§ **Work instruction**: Transcribe the listing below exactly, without pictures.

#### Recorded information ####

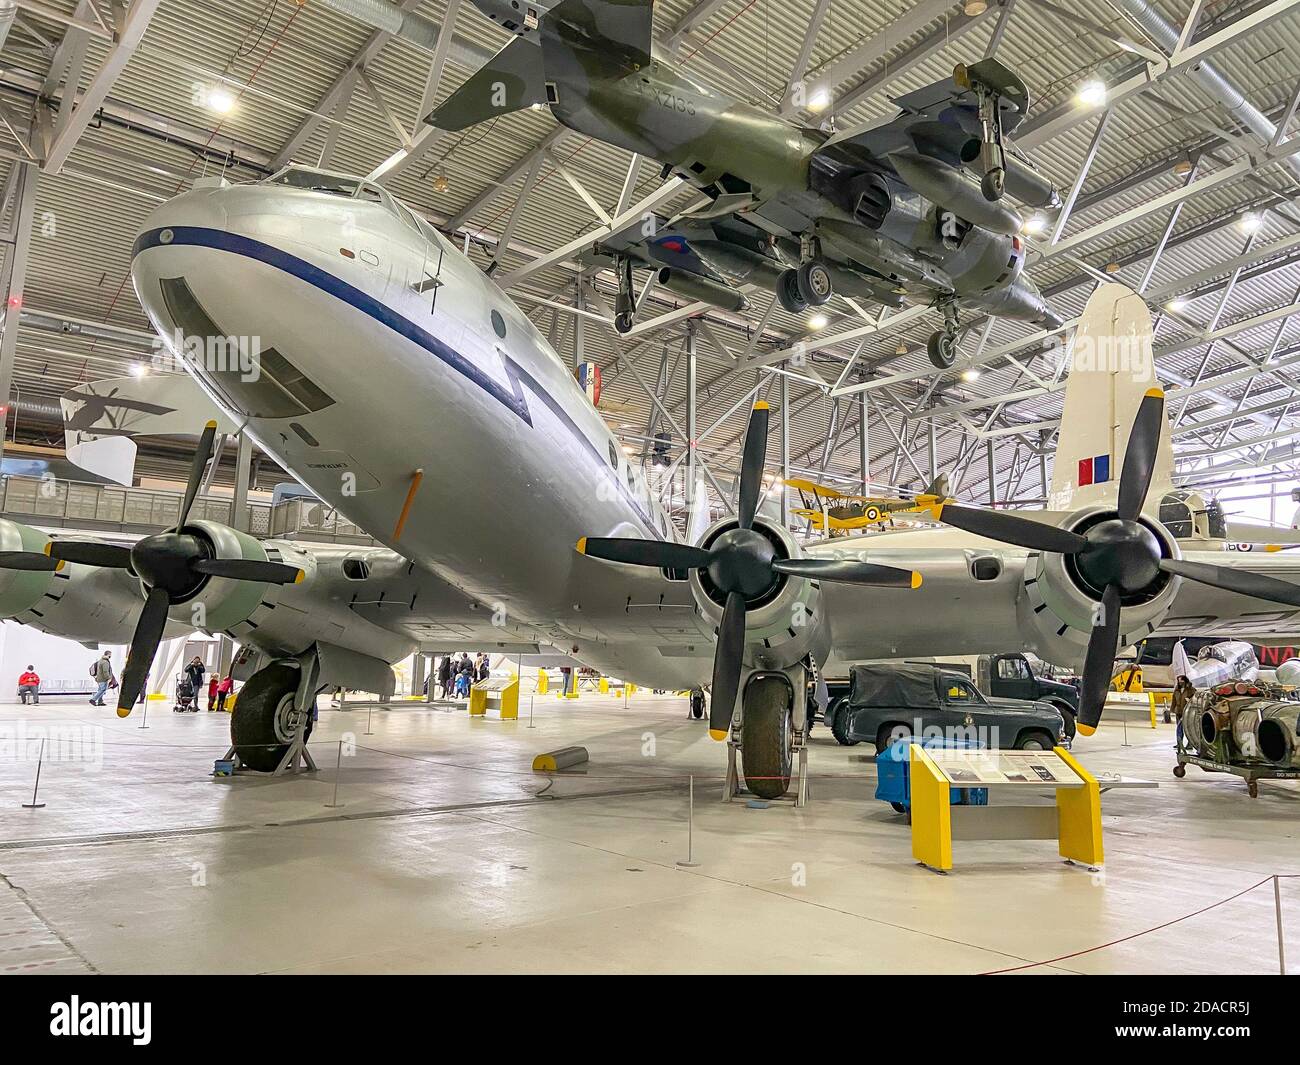 The Aircraft Hall at IWM Duxford, Duxford Airfield, Duxford, Cambridgeshire, Inglaterra, Reino Unido Foto de stock
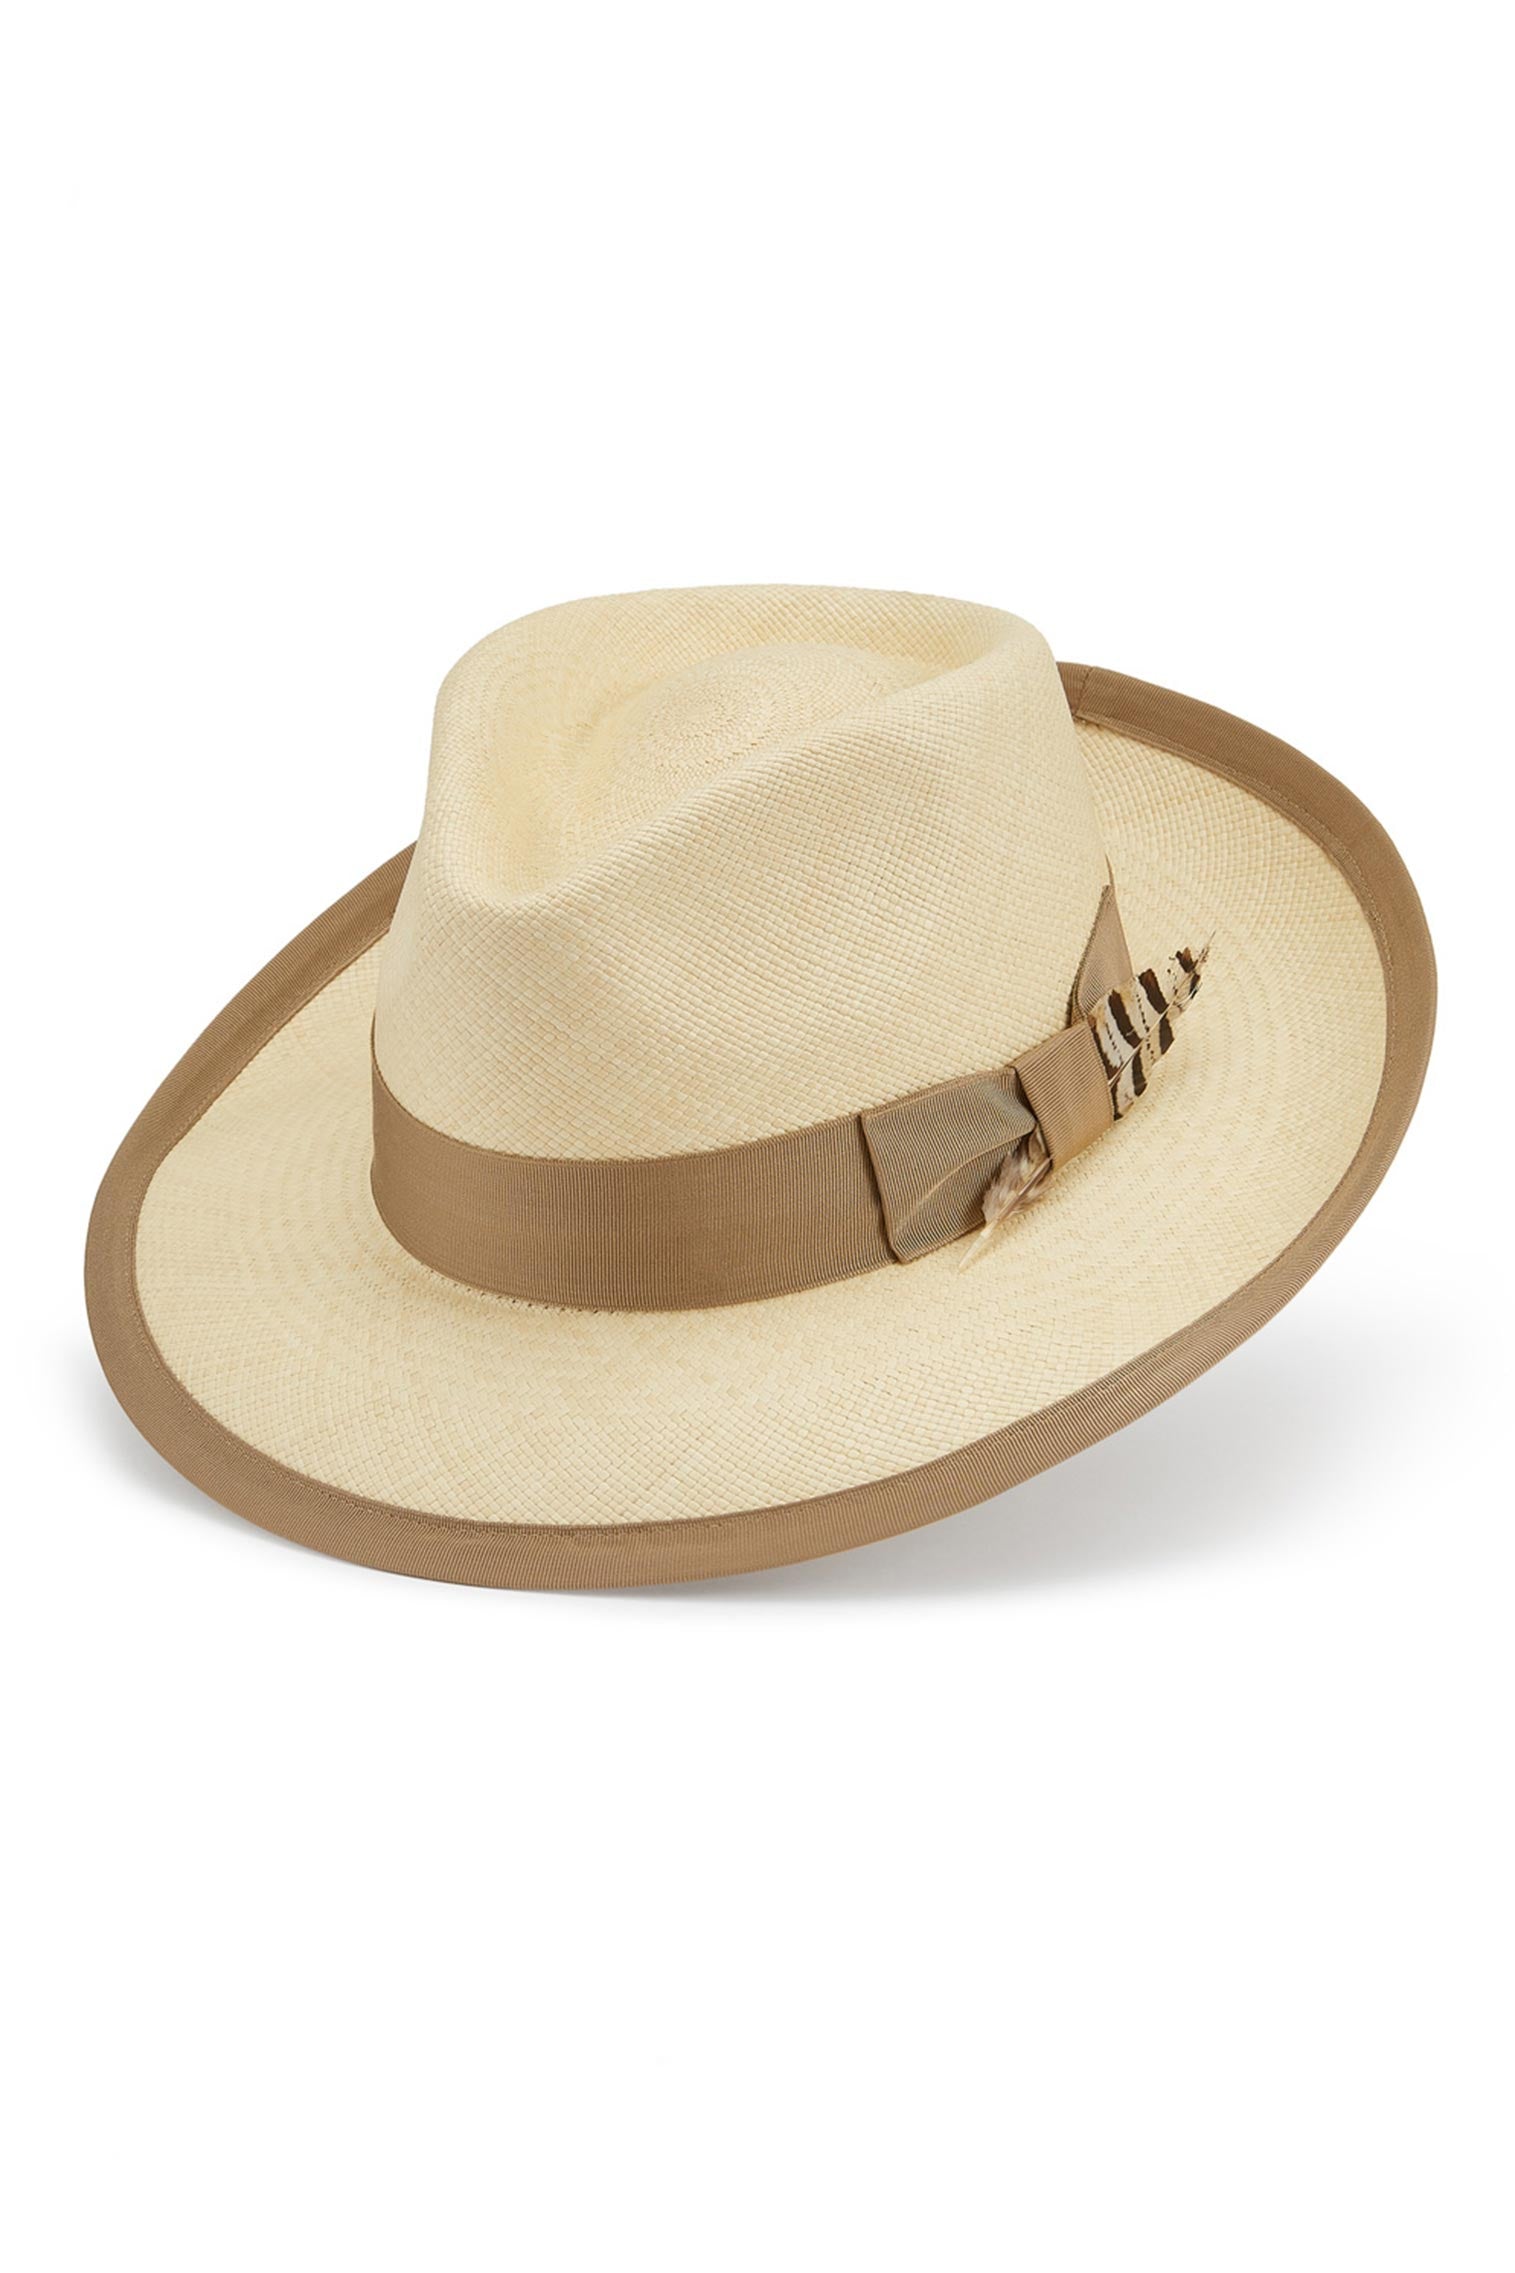 San Diego Panama - Panama Hats - Lock & Co. Hatters London UK
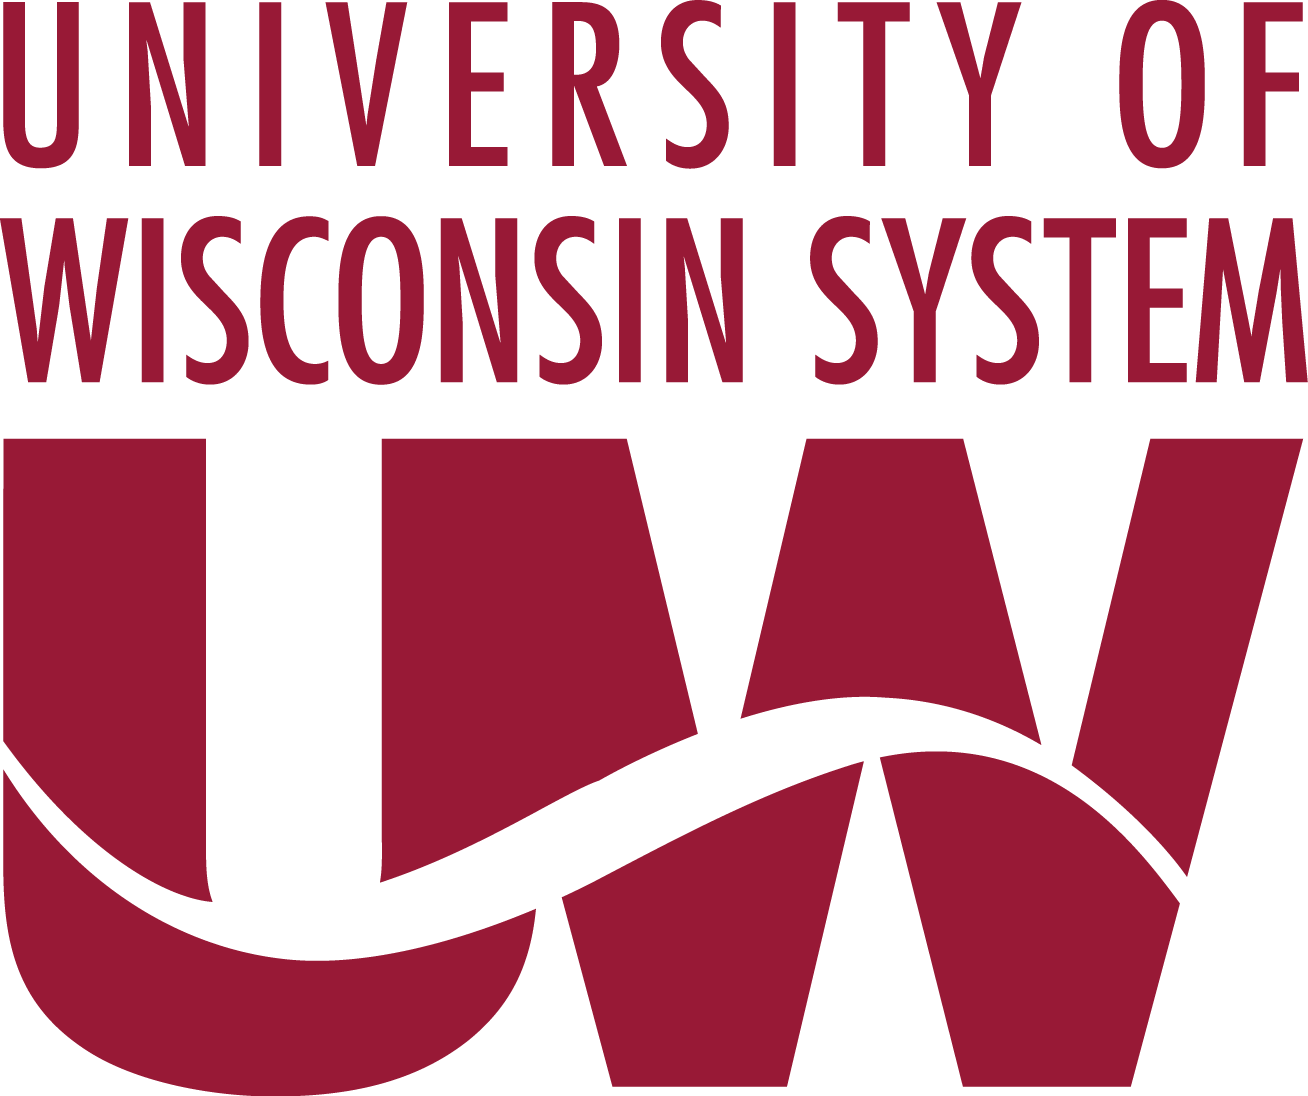 UW - University of Wisconsin System Logo
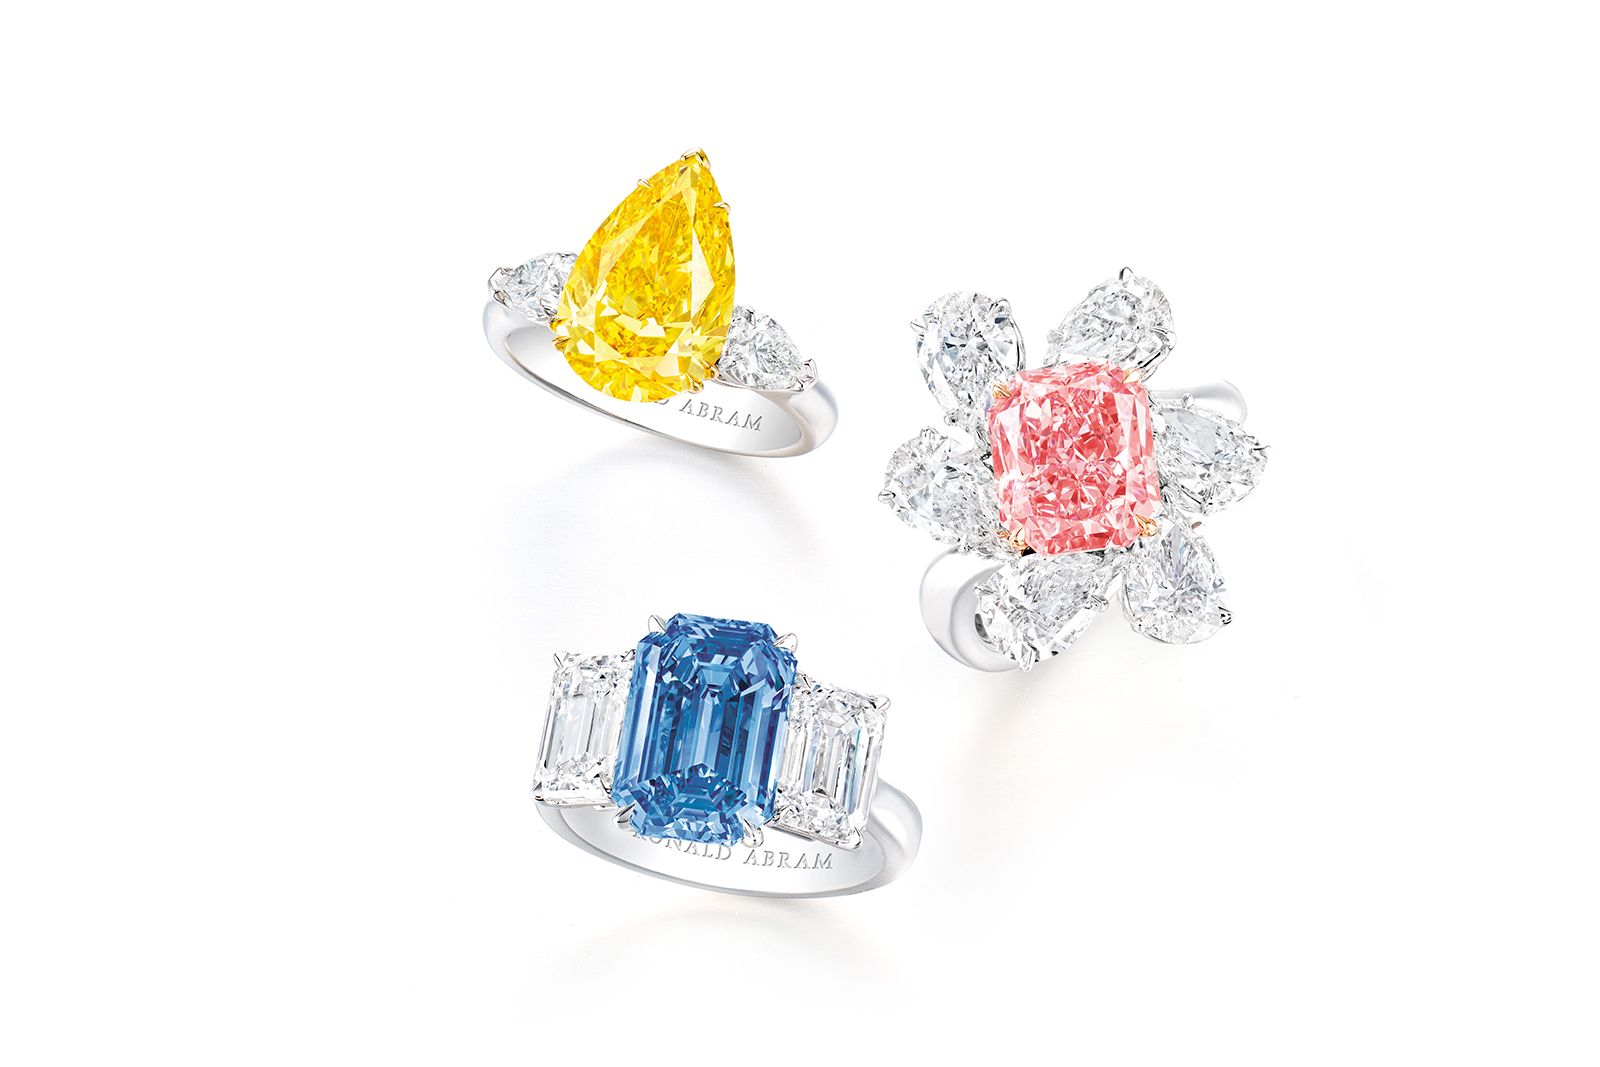 Ronald Abram fancy vivid coloured diamond rings

####

§ **Output of the task**:
 The Aircraft Hall at IWM Duxford, Duxford Airfield, Duxford, Cambridgeshire, Inglaterra, Reino Unido Foto de stock
 San Diego Panama - Panama Hats - Lock & Co. Hatters London UK
 UW - University of Wisconsin System Logo
 Ronald Abram fancy vivid coloured diamond rings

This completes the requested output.